Loh L C, Lim B K, Wan Yusuf S
Department of Medicine, Penang Medical College, 4 Jalan Sepoy Lines, 10450 Penang, Malaysia.
J R Coll Physicians Edinb. 2010 Jun;40(2):100-4. doi: 10.4997/JRCPE.2010.202.
As a standard, significant pleural effusion, whether tuberculous (TB) or not, requires therapeutic thoracocentesis.

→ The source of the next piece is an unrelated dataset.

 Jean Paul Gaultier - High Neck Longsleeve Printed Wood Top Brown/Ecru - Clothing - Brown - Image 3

We tested the hypothesis that standard anti-TB chemotherapy alone can resolve significant pleural effusion.
20 eligible patients with TB pleural effusion of at least 30% of the hemithorax (10 with moderate-size and 10 with large-size effusion, respectively) were retrospectively reviewed for radiological resolution of their effusions at two, six and 12 months after commencement of standard six-month therapy.
The mean percentage resolutions in both groups were comparable (48% vs 46% at two months; 59% vs 85% at six months; 84% vs 95% at 12 months). The mean sizes of effusions were also comparable (18% vs 33% at two months; 14% vs 10% at six months; 6% vs 4% at 12 months). Cigarette smoking and Indian ethnicity were univariately associated with incomplete resolution of effusions.

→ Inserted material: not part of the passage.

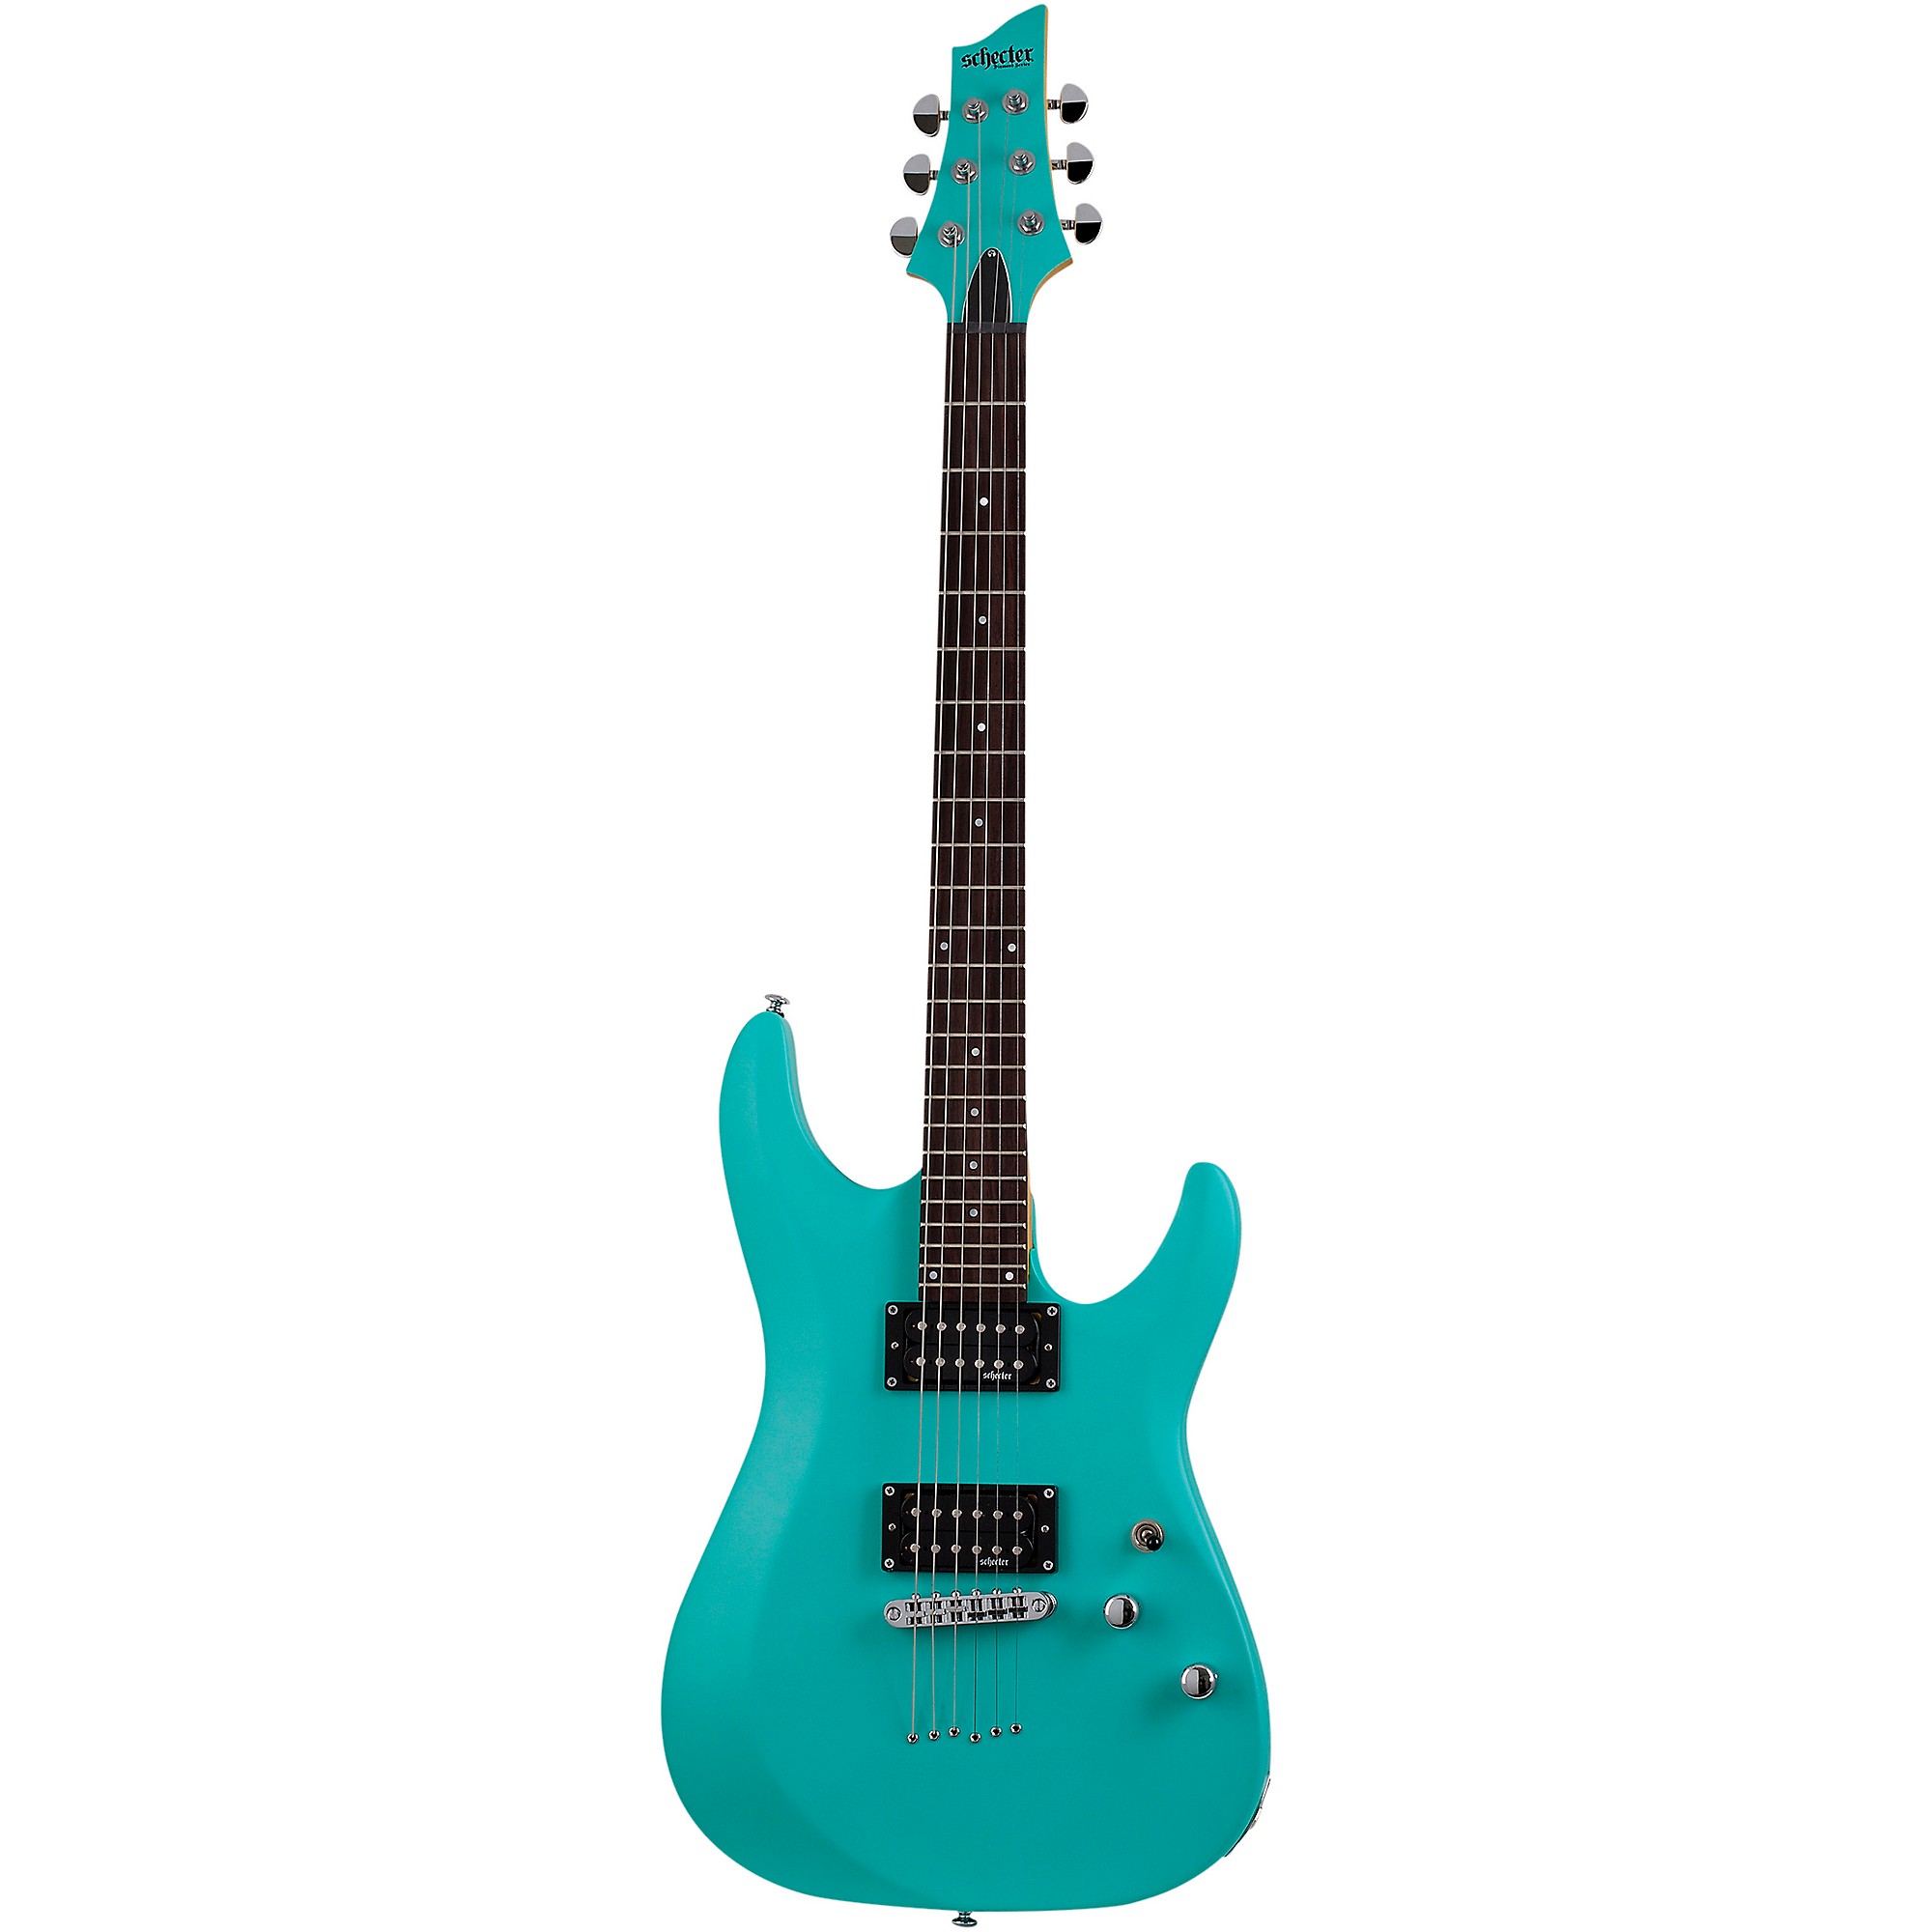 Электрогитара Schecter Guitar Research C-6 Deluxe Aqua цена и фото

Standard anti-TB chemotherapy alone appears to be sufficient to resolve significant TB pleural effusion. An avoidance of therapeutic thoracocentesis may reduce the risk of infection exposure or allow better channelling of resources in certain clinical settings.
作为一项标准,无论是否为结核性,大量胸腔积液均需要进行治疗性胸腔穿刺术。我们检验了仅采用标准抗结核化疗即可消除大量胸腔积液这一假设。

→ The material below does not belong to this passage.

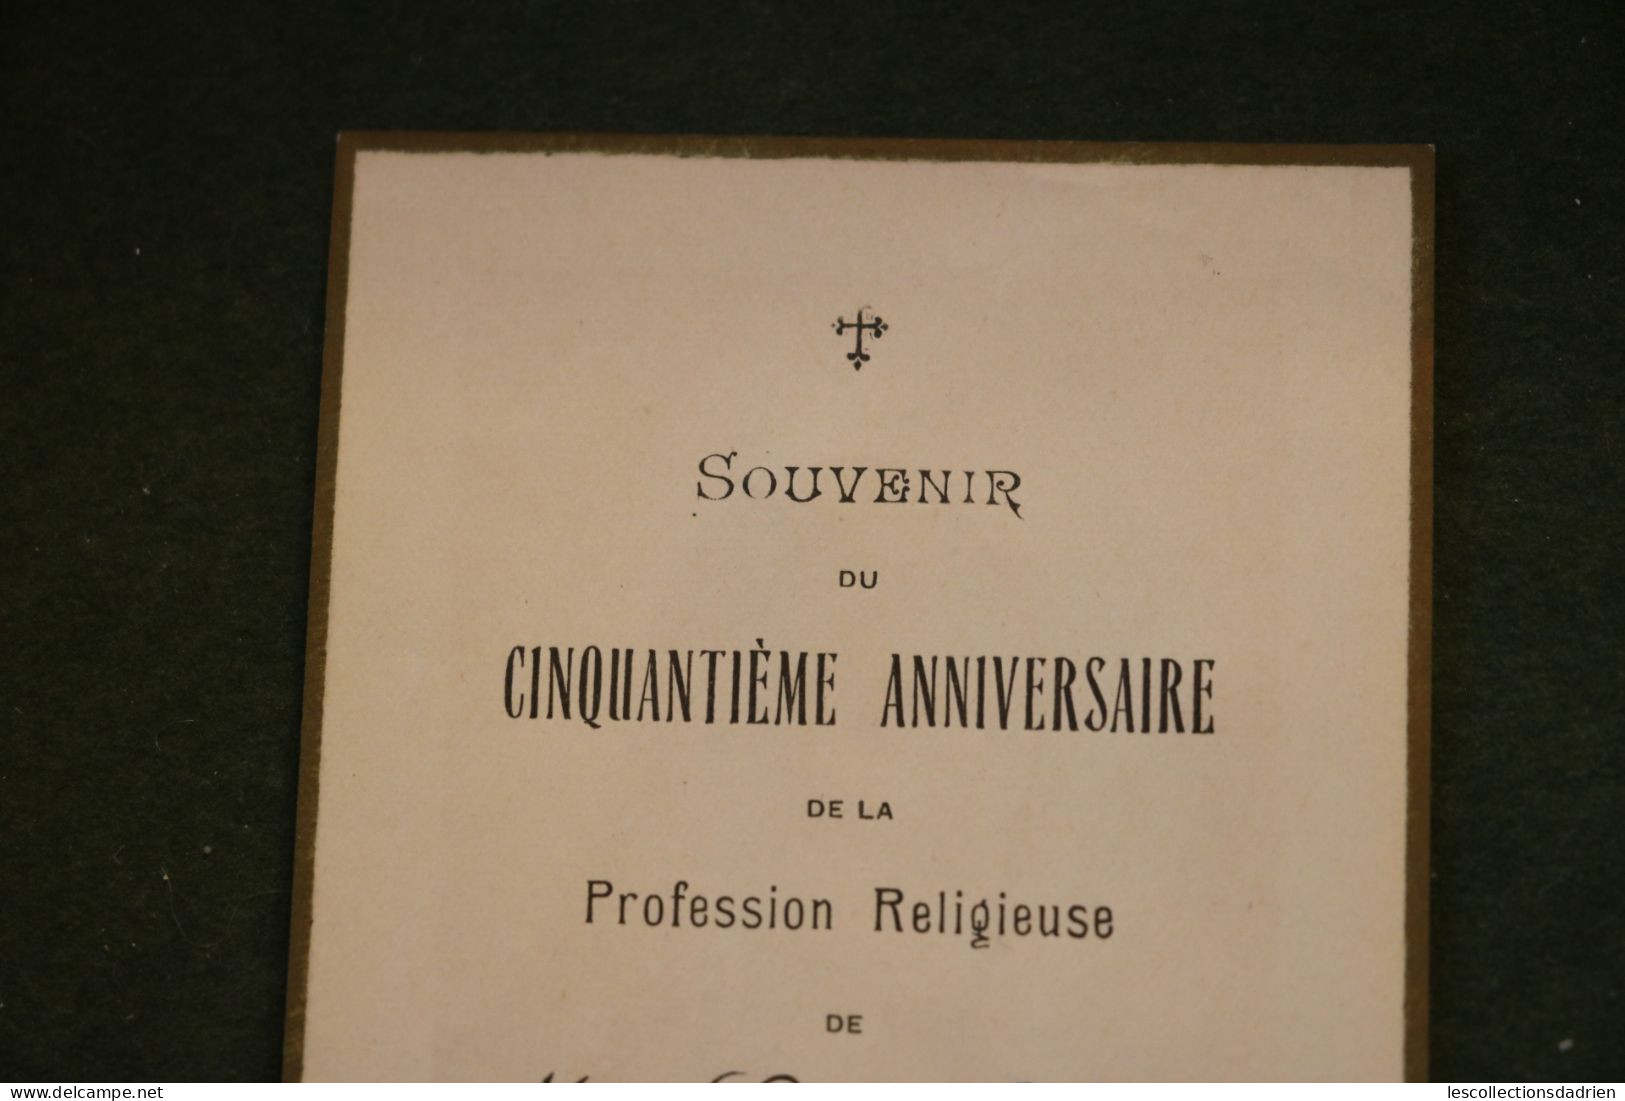 Image religieuse Cinquantième anniversaire de la Profession religieuse - 1882-1932  Valognes - Holy card

回顾性分析20例符合条件的结核性胸腔积液患者,其胸腔积液至少占半侧胸腔的30%(分别为10例中等量积液和10例大量积液),观察标准6个月治疗开始后2个月、6个月和12个月时胸腔积液的影像学消退情况。
两组的平均消退百分比具有可比性(2个月时分别为48%和46%;6个月时分别为59%和85%;12个月时分别为84%和95%)。积液的平均大小也具有可比性(2个月时分别为18%和33%;6个月时分别为14%和10%;12个月时分别为6%和4%)。吸烟和印度族裔在单因素分析中与积液消退不完全相关。
仅采用标准抗结核化疗似乎足以消除大量结核性胸腔积液。在某些临床情况下,避免进行治疗性胸腔穿刺术可能会降低感染暴露风险或使资源分配更合理。